American resident Magn Nyang told the BBC that his mother was forcibly re-settled from a village close to Gambella town to a camp. ”When the investors came in they took over the land and they [the villagers] were kicked out,” he said.
The army beat another man with sticks and the butt of a rifle when he refused to leave. He later died, and his family blames the violent beating he received.
Although Saudi Star has admitted that the Alwero River can only provide irrigation for 1,800 ha of rice, 30 kilometers of irrigation channels are currently being built and villagers worry about how they will feed their children.

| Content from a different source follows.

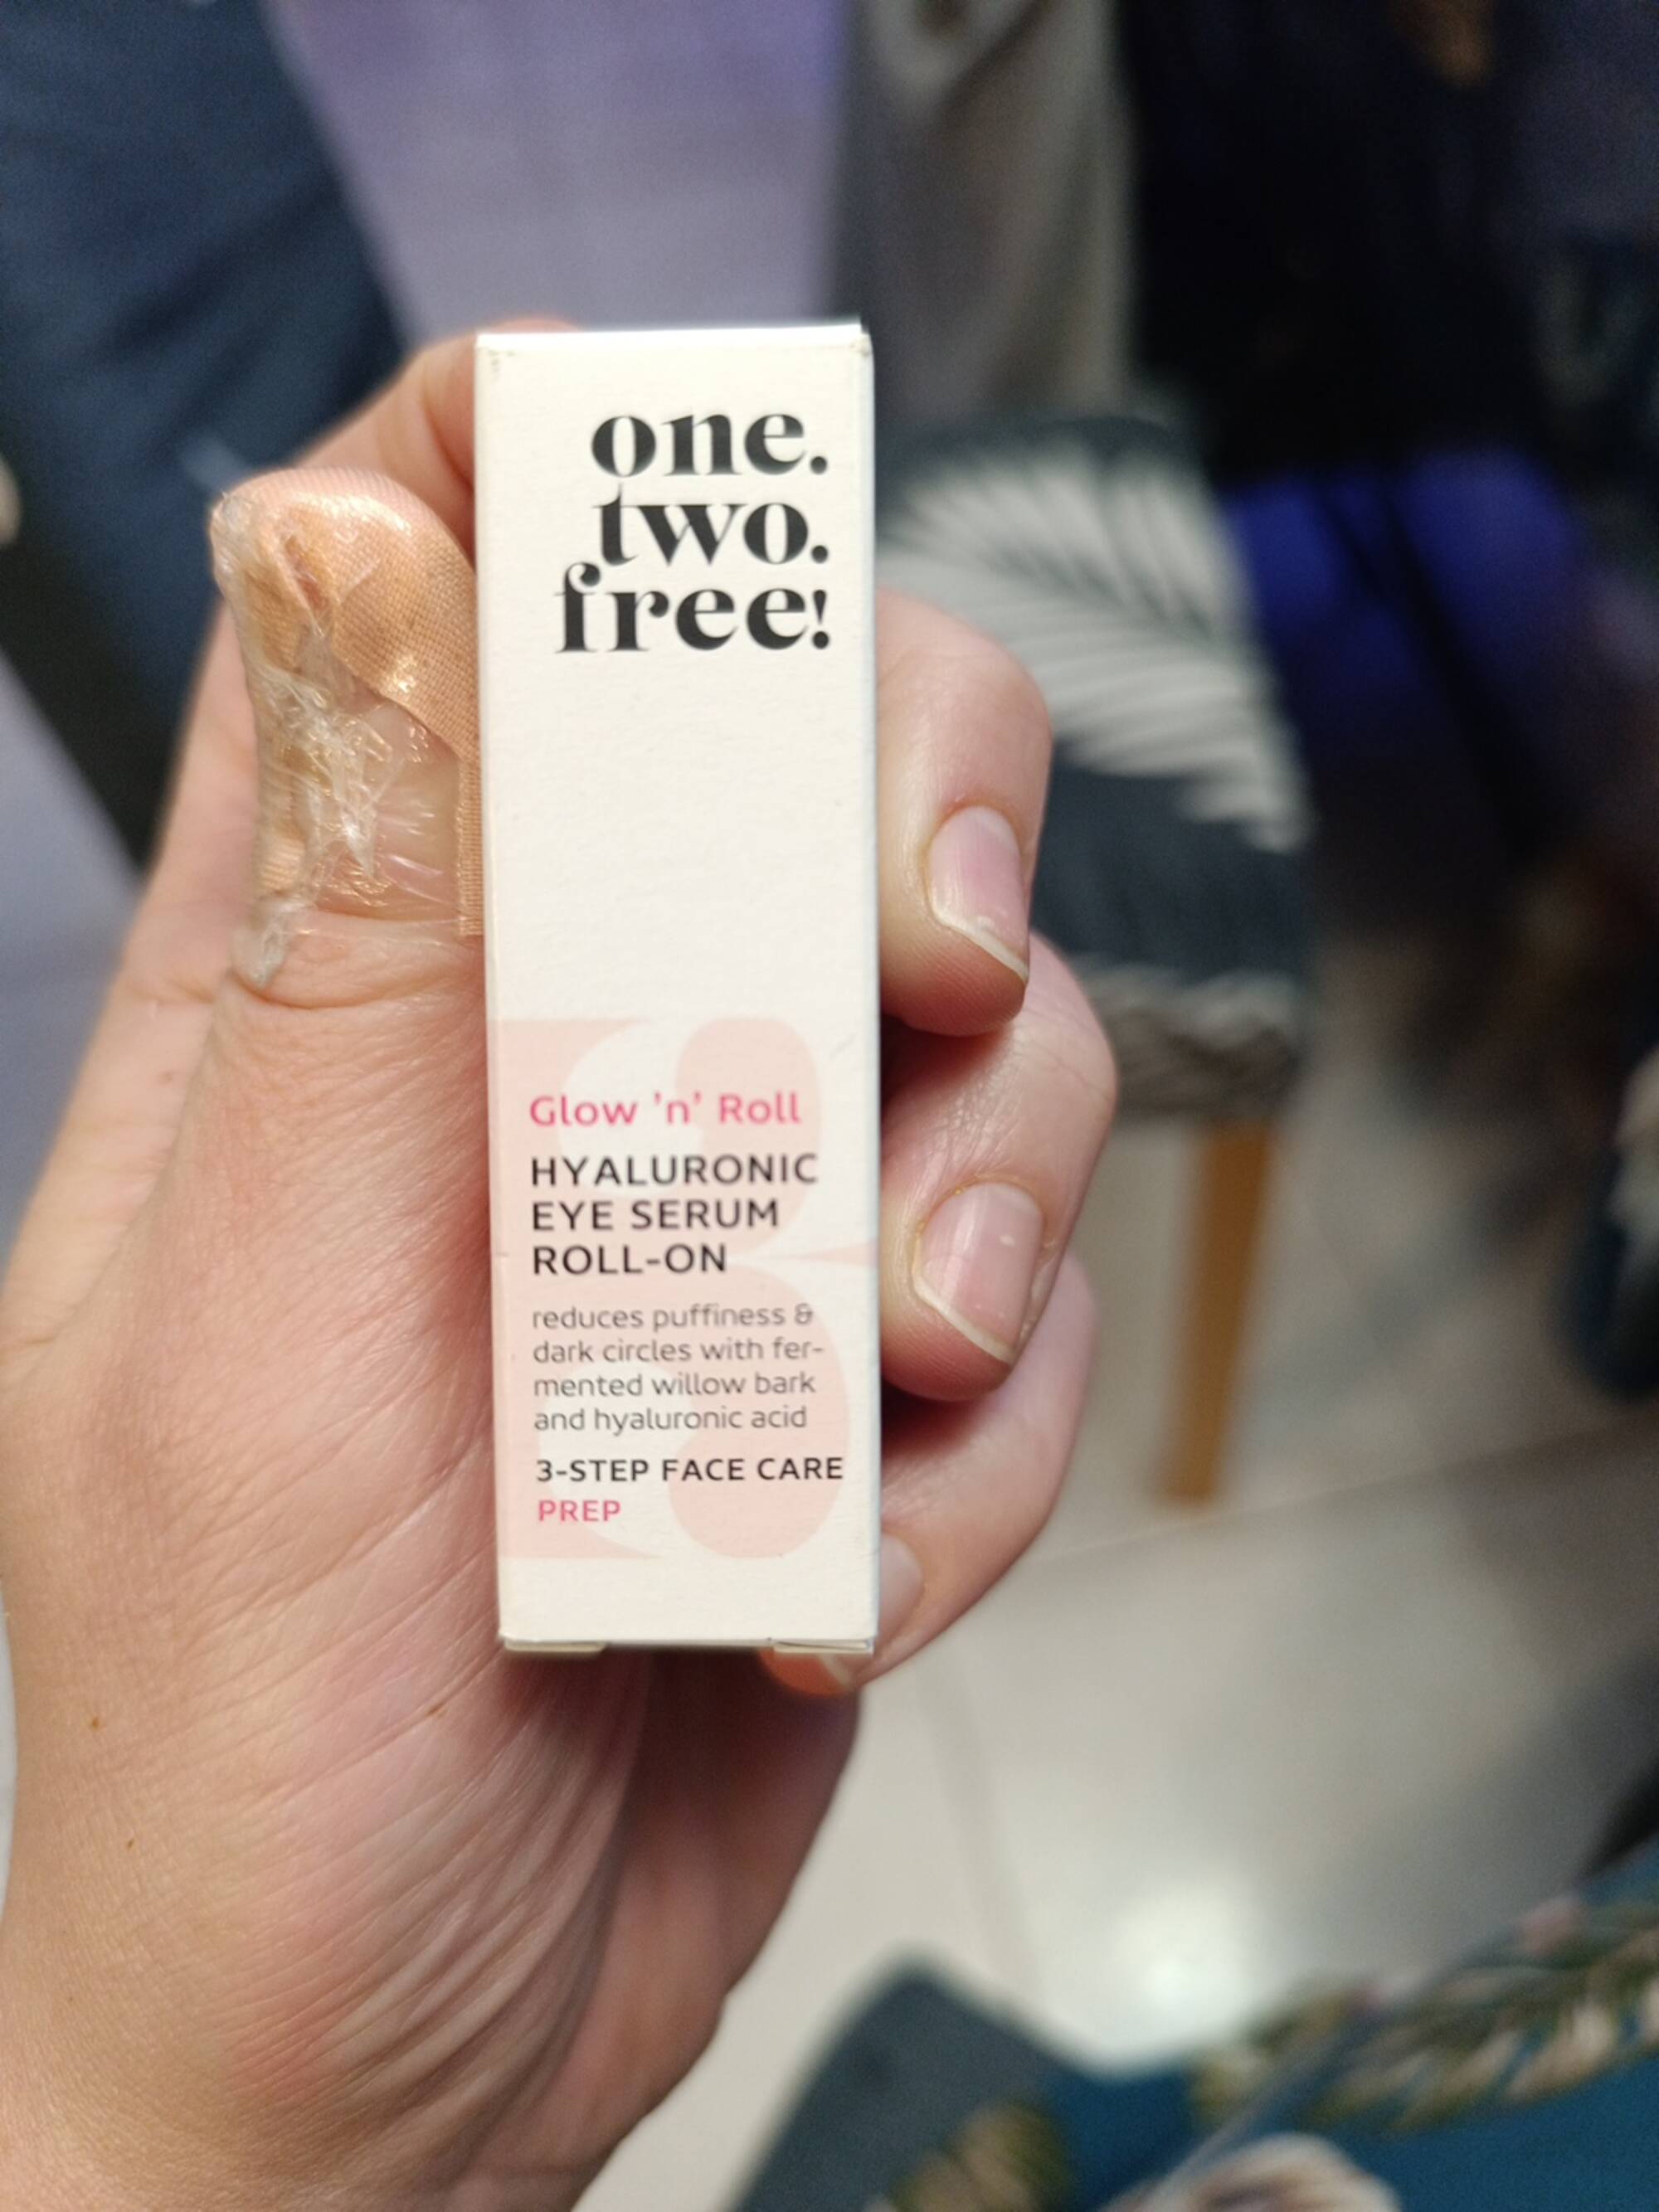 ONE.TWO.FREE! - Hyaluronic eye serum roll-on

Humans and animals are losing their land
The company is also infringing on land perceived to be a part of the Gambella National Park. The Ethiopian Wildlife Conservation Authority (EWCA), according to OI, estimates that 438,000 ha of land have been leased to various investors in the vicinity of the park, all without Environmental Impact Assessments.
The park is home to “69 mammal species, including 58 large mammals. The park also contains valuable wetland habitat, hundreds of bird species, and 92 fish species, representing 69 percent of all fish species in Ethiopia,” OI reports.
Saudi Star’s owner Sheikh Mohammed Hussein Ali Al Amoudi is listed by Forbes as the 63rd wealthiest person on earth. He is also the richest person in Ethiopia, where at least 39% of the population lives below the poverty line, and the second richest Saudi citizen in the world.
Only rice that does not grow longer than 7mm will be sold locally, while the rest will be exported – with Saudi Arabia expected to be a huge benefactor, according to Bloomberg News. Eventually, Saudi Star hopes to lease up to 500,000 ha of Ethiopian land.
Land grabs in Ethiopia are well underway, and given lack of genuine government oversight comprise nothing less than a humanitarian disaster.